### Task brief
Return the stretch from the line with "organizing of tools" through the line with "can I eat a" in the data below, character for character, skipping all pictures.

### Task inputs
===============

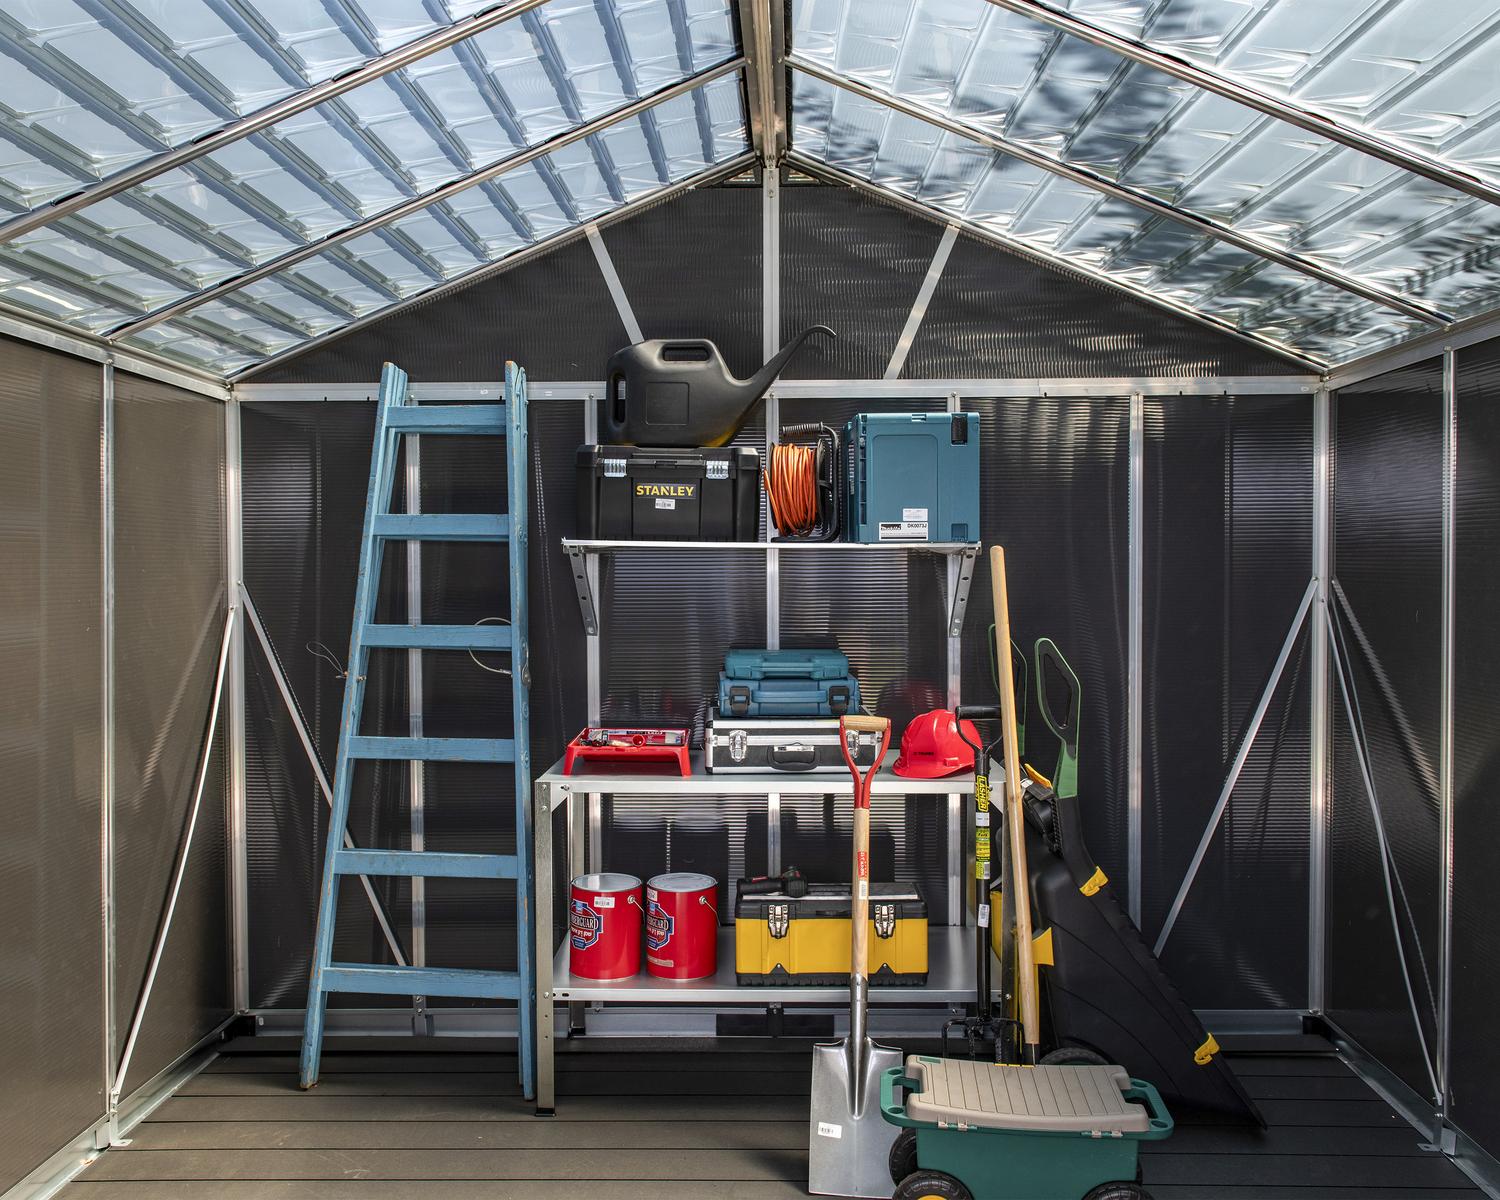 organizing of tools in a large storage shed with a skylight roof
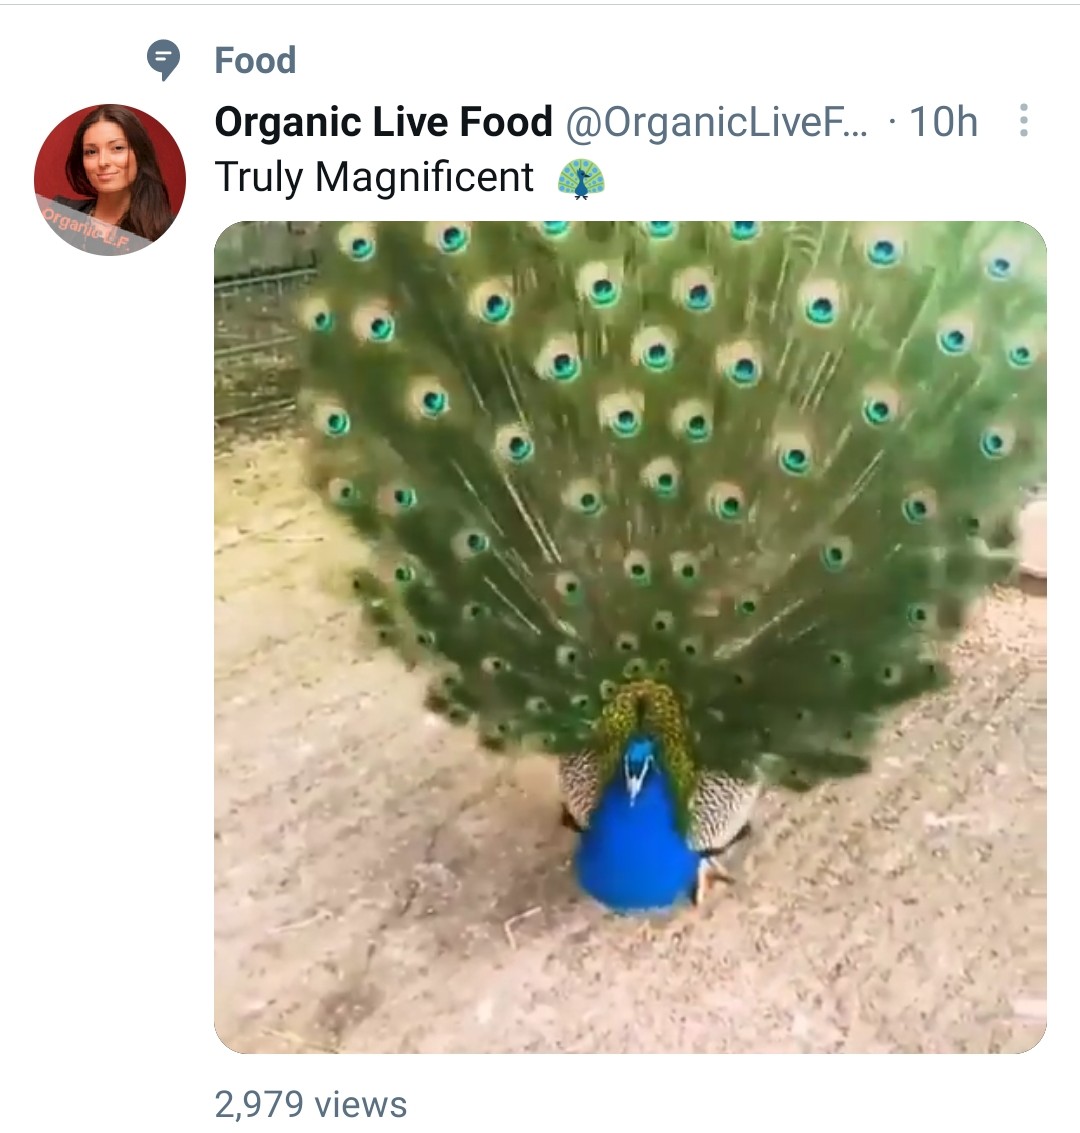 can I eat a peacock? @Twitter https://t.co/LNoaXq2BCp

===============

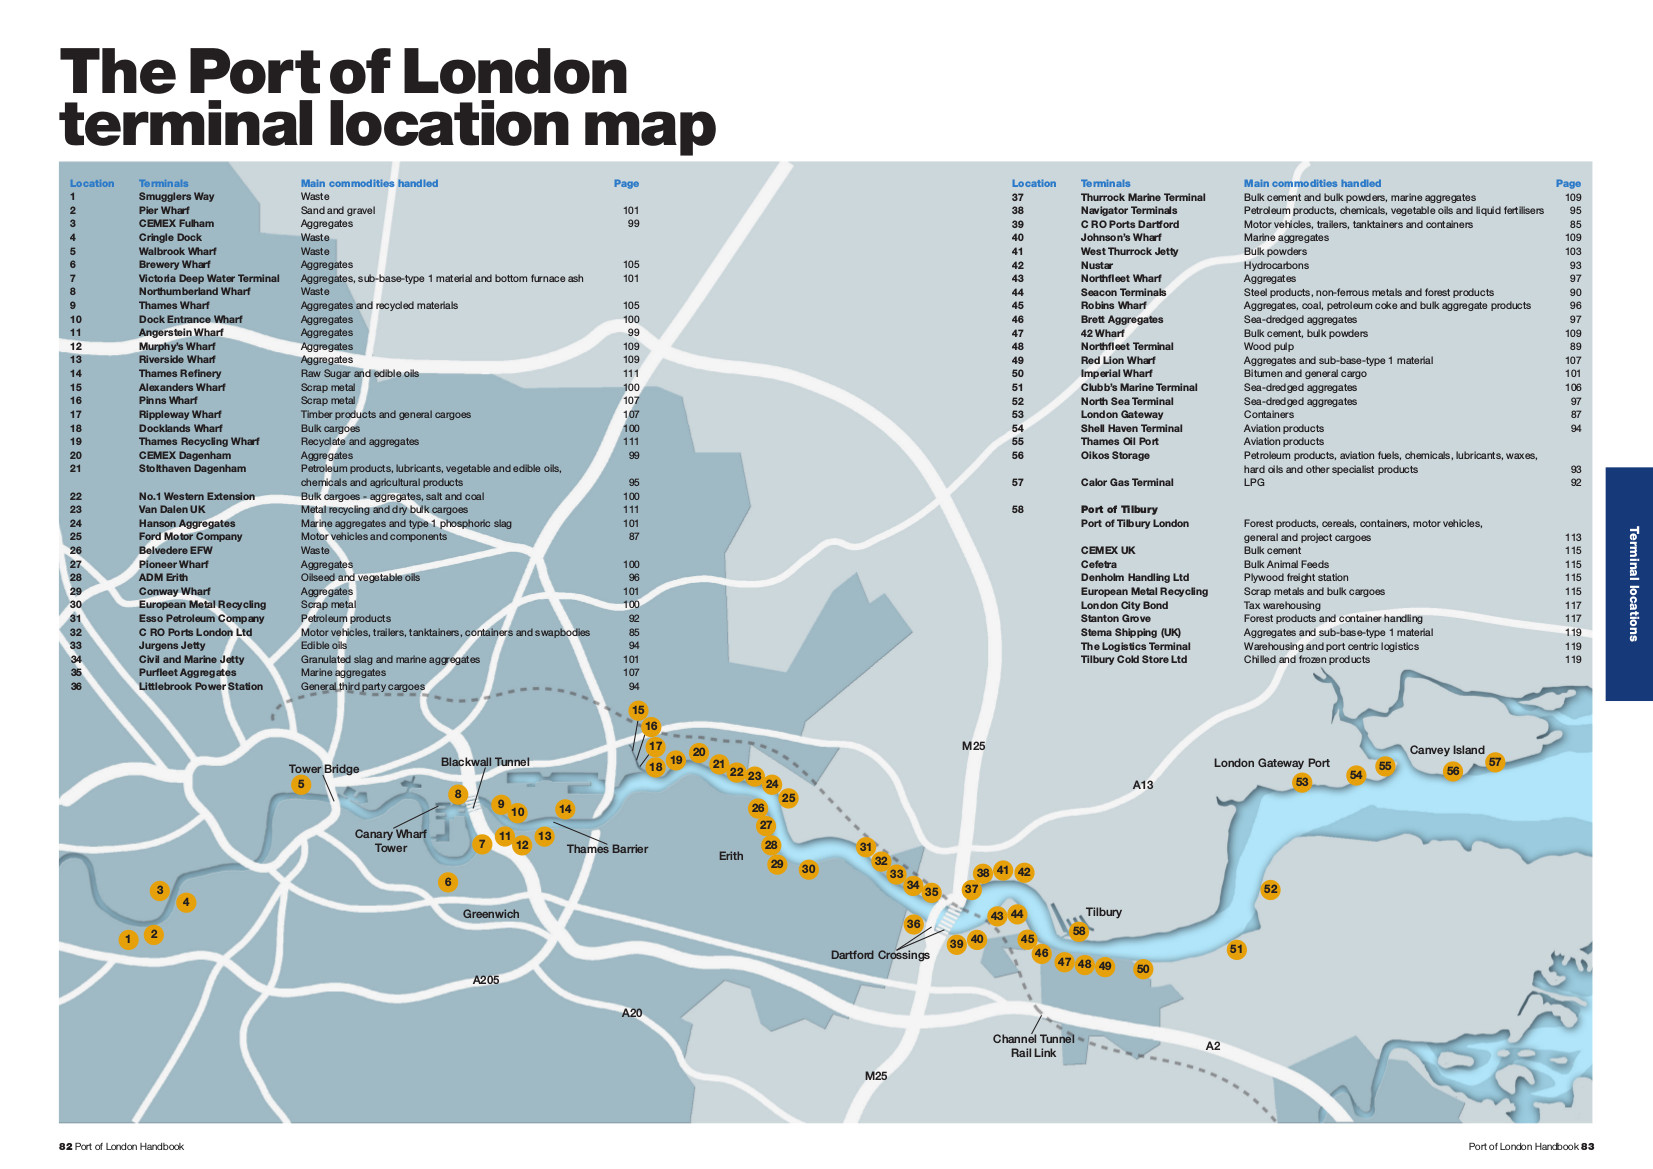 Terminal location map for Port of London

===============

### Written solution
 organizing of tools in a large storage shed with a skylight roof
 can I eat a peacock? @Twitter https://t.co/LNoaXq2BCp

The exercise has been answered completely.